Exercise data Block Start

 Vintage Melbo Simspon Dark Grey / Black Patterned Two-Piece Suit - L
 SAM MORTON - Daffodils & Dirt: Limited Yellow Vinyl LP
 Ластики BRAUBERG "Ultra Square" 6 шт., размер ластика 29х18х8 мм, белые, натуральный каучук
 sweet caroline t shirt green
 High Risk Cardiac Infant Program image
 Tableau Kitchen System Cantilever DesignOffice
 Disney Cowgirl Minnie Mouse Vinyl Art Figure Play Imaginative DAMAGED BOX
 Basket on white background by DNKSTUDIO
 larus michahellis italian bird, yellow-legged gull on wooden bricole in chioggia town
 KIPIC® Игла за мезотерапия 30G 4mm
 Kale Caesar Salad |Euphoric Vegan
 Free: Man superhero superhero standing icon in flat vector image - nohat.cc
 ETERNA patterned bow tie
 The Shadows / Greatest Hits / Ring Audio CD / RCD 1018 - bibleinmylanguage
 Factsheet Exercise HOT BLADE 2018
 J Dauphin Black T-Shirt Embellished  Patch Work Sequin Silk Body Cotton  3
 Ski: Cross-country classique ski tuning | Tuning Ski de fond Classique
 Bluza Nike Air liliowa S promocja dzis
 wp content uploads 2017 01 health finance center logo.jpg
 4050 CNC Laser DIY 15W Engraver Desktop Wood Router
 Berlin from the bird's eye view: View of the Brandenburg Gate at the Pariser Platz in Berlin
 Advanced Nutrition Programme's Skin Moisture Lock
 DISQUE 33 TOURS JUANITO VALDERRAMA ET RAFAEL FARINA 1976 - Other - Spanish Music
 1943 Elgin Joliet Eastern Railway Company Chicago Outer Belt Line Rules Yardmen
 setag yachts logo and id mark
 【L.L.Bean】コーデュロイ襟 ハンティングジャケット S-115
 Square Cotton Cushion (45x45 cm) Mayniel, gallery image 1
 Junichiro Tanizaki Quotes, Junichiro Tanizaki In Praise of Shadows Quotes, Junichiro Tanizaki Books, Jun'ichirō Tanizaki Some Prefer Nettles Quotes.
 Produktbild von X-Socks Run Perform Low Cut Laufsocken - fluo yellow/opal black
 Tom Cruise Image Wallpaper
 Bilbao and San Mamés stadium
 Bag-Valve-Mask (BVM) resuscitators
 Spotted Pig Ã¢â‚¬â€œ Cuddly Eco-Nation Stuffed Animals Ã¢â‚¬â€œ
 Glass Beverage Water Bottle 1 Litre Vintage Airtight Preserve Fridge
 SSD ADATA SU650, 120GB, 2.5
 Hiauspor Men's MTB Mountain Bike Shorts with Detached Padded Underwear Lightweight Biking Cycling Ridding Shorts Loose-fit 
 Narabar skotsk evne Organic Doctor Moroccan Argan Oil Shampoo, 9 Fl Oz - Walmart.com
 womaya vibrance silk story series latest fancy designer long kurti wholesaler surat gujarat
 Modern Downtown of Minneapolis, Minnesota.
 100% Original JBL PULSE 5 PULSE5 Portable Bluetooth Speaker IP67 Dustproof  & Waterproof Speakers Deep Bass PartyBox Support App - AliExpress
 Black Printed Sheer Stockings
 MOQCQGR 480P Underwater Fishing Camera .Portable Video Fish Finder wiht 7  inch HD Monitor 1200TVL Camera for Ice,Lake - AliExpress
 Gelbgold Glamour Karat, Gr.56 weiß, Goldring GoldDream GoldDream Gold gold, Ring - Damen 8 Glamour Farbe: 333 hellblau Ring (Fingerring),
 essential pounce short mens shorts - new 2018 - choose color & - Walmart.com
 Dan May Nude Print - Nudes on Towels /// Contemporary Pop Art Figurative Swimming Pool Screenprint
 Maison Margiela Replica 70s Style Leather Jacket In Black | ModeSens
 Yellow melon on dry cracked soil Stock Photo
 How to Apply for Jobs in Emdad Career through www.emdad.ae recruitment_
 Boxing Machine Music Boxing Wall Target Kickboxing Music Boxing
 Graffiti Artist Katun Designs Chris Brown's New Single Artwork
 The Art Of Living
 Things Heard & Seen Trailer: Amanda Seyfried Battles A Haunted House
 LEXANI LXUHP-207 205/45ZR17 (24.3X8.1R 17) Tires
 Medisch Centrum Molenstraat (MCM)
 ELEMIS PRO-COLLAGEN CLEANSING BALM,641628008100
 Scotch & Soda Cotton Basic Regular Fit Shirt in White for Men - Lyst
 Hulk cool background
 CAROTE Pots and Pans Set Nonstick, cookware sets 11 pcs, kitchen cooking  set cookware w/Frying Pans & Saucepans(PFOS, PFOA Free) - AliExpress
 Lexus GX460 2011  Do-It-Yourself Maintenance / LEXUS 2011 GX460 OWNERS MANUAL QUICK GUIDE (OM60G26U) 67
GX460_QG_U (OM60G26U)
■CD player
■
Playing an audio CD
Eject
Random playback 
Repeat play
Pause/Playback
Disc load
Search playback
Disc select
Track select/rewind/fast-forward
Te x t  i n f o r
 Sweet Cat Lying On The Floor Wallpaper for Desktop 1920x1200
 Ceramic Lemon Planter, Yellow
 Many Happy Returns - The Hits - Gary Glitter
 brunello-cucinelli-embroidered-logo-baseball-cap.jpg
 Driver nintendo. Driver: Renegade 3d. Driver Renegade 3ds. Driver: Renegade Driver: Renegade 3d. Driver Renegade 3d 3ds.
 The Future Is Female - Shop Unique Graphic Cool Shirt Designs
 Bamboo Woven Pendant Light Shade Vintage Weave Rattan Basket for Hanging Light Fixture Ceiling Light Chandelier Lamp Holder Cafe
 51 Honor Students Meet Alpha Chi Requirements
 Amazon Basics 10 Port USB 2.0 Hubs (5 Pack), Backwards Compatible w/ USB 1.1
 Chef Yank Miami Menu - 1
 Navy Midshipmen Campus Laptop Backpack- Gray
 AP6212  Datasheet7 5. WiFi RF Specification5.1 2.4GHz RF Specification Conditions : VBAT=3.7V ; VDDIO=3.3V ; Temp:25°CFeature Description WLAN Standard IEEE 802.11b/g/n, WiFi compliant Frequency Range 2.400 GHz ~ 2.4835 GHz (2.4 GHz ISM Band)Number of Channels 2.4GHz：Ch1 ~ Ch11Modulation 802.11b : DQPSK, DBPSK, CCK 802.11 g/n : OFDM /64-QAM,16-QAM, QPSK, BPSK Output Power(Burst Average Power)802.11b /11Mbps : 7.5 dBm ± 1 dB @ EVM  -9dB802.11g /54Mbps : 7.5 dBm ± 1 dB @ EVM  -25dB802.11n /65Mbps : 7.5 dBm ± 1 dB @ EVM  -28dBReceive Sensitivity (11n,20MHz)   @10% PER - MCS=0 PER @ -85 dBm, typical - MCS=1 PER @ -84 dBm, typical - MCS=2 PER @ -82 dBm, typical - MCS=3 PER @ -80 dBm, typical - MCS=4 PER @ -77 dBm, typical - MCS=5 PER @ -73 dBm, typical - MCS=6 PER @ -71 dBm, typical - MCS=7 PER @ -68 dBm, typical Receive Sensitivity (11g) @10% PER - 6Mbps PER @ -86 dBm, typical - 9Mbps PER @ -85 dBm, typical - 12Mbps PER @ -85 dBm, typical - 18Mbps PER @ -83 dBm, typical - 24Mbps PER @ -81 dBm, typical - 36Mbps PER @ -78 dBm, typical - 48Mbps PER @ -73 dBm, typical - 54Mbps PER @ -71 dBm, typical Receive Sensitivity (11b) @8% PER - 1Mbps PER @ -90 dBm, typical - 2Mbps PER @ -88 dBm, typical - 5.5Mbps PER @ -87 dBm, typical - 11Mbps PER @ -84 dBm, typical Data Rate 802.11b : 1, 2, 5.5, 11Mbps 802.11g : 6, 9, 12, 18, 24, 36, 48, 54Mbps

Exercise data Block End

**Required work**.
Across all the records above, how many lines hold the word "Music"? Answer with only that number.

**Answer to this problem**.
2